WILTON — With the landscape of city and town infrastructures constantly evolving and changing, broadband internet has situated itself as an essential part of daily life. It’s how we consume news, media, communicate and more and the United States has made a strong push to bring equitable broadband infrastructure to the more rural parts of the country on both a state and federal level.

Wilton was in one such position when, in November of last year, the Board of Selectpersons voted to have former Town Manager Perry Ellsworth work with Matrix Design Groups to apply for grant funding through the Maine Connectivity Authority [MCA]. The plan was to have Matrix Design Group utilize the funding, along with funding from the town and their own personal funds, to install the necessary infrastructure for broadband capabilities.

From there, Matrix would function as the service provider until after a minimum of five years, wherein the town of Wilton would have the option to purchase the network and host it as their own municipality service, much like water and sewer. The application was filed and the Wilton Select Board voted to accept the grant in July of this year.

Since then, multiple curveballs have thrown that initial plan in question.

The first curveball was the purchasing of Bee Line Cable. Charter Communications began the process in March, with the sale finalized in July. Since then, no major development has come from either Bee Line or Charter, but George Allen, general manager for Bee Line Cable, told The Franklin Journal the process would be a slow one.

“It’s a large process,” Allen said in a phone interview. “You’ve got a lot of FCC filings to do and state filings. And then, of course, the local franchise filings, things like that. So, it all takes time.”


The oldest broadband provider in the state of Maine, Bee Line provides service for several communities, including East Millinocket, Millinocket, Anson, Madison, Skowhegan, Farmington, Wilton, and Industry. In Wilton, Bee Line services almost 1,900 residents. Bee Line’s purchase left a mixed response among the general public. Several voiced their dissatisfaction with Bee Line, including Ellsworth.

“Bee Line didn’t take very good care of Wilton and hasn’t met its commitments for a number of years,” he stated at a Select Board meeting.

Other consumers, however, are more favorable towards Charter Communications. One Central Maine user, who commented on the initial article stated, “This is definitely bad news for Bee Line customers. I had Bee Line when I lived in Millinocket, and they were a good, caring, local company that provided excellent service.
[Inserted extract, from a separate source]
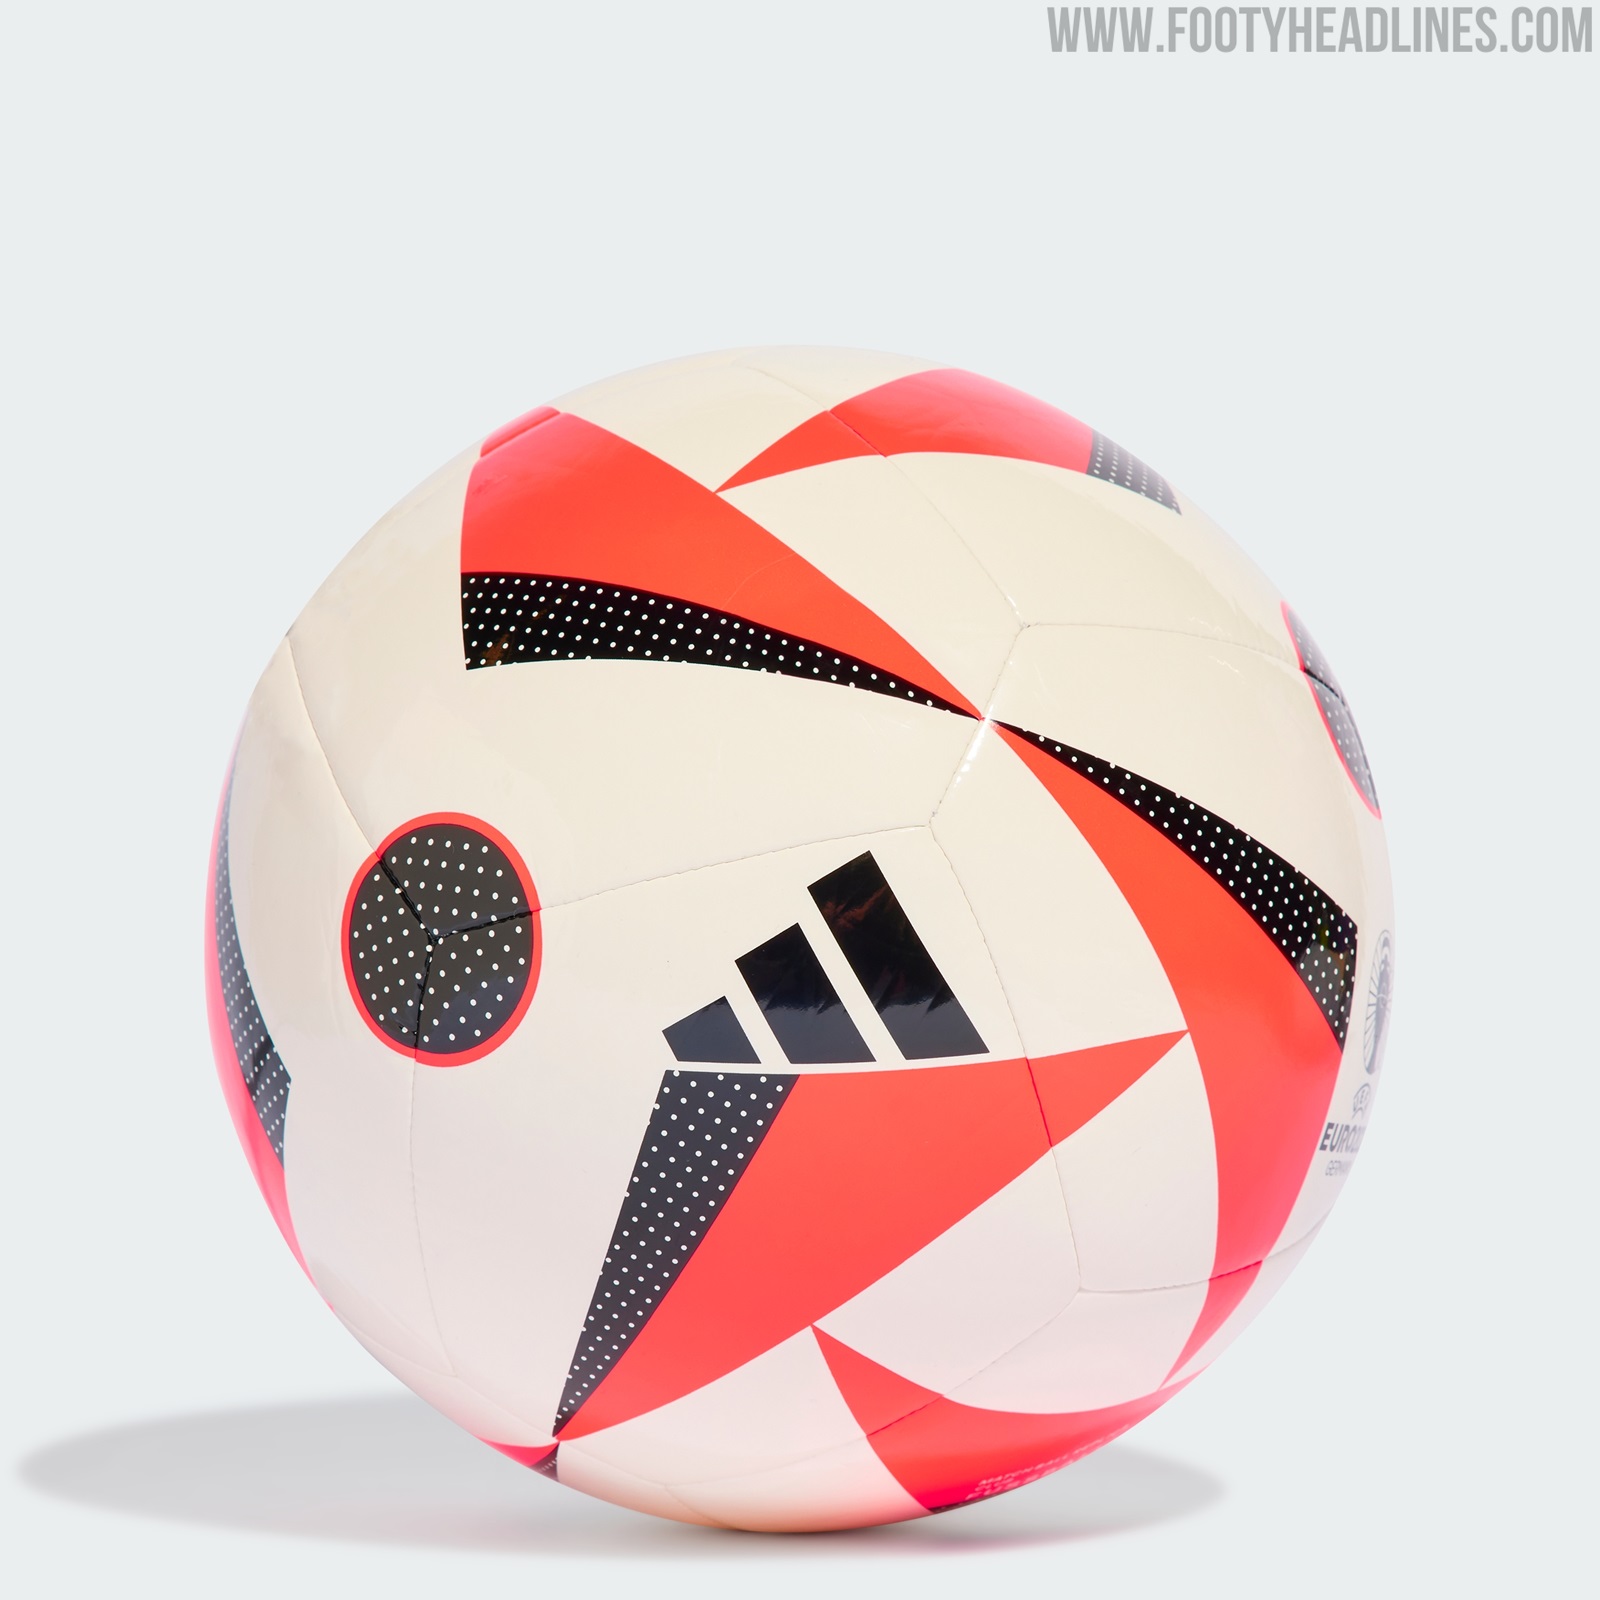 adidas Ballon FUSSBALLLIEBE Pro EURO 2024 Ballon de Match - Blanc

Since I’ve had Spectrum that has not been the case. Yearly price hikes and poor service has been the rule.”

“I bailed from Spectrum at my first opportunity,” another user stated. “Folks in Bee Line’s territory should consider their options.”

As for those other options, the pool of broadband providers continues to get diluted with rumors that Consolidated Communications, originally providing broadband internet to East Wilton, are planning to expand to the remainder of Wilton.

Representatives from Consolidated Communications could not be reached for comment. With them moving into Wilton and Charter Communications’ purchasing of Bee Line, the question of market share threatens Matrix’s plan for Wilton.


Brian Lippold of Casco Bay Advisors, LLC, paid a visit to the Select Board before they had voted to accept the MCA grant and advised against accepting the grant funding on the grounds that Wilton could not demonstrate the market share needed to fulfill the grant.

“The grant from the MCA requires the town to demonstrate that at least 50% of the potential subscriber locations have signed up for service,” Lippold said.

At the following meeting, Lauren Cassle, account manager from Matrix Design Group, assured the Select Board that attaining a 50% market share was not an issue in other towns when Matrix Design Group and the town partnered together to spread the word of the service.

Without the 50% market share, however, the plan was dead in the water, with Project Manager Matthew Dunn stating as much at the meeting.

“If the 50% rate isn’t achieved, then essentially, you have to go back to the board and the grant funds go away,” Dunn stated. “Is it feasible to build without the grant funds and the infusion of that capital? My guess is probably not.”

Since the vote has gone through, Ellsworth lamented at a meeting in November that “nothing has moved” between them and Matrix as they have failed to come close to achieving a 50% market share.

“We haven’t been able to achieve anywhere close to that,” Ellsworth said, stating 50% market share in the town would amount to 700 households. Ellsworth told the Select Board that at least two different entities, which he did not disclose to the board, were interested in working with Wilton to provide broadband services to the town utilizing the MCA grant. He advised them to meet with those individuals before the next meeting.

Selectperson David Leavitt agreed, adding, “We obviously can’t seem to get anything out of the Matrix, and its not benefitting the town in what they are doing right now.”

Since that meeting, the Select Board and current Town Manager Maria Greeley are in the process of renegotiating the terms of the grant and potentially working with a separate entity to utilize the MCA grant. An executive session was held on Tuesday, Nov. 28, to workshop what potential options the town has with the MCA grant. An update was scheduled for their meeting on Tuesday, Dec. 5, but was tabled for a future meeting.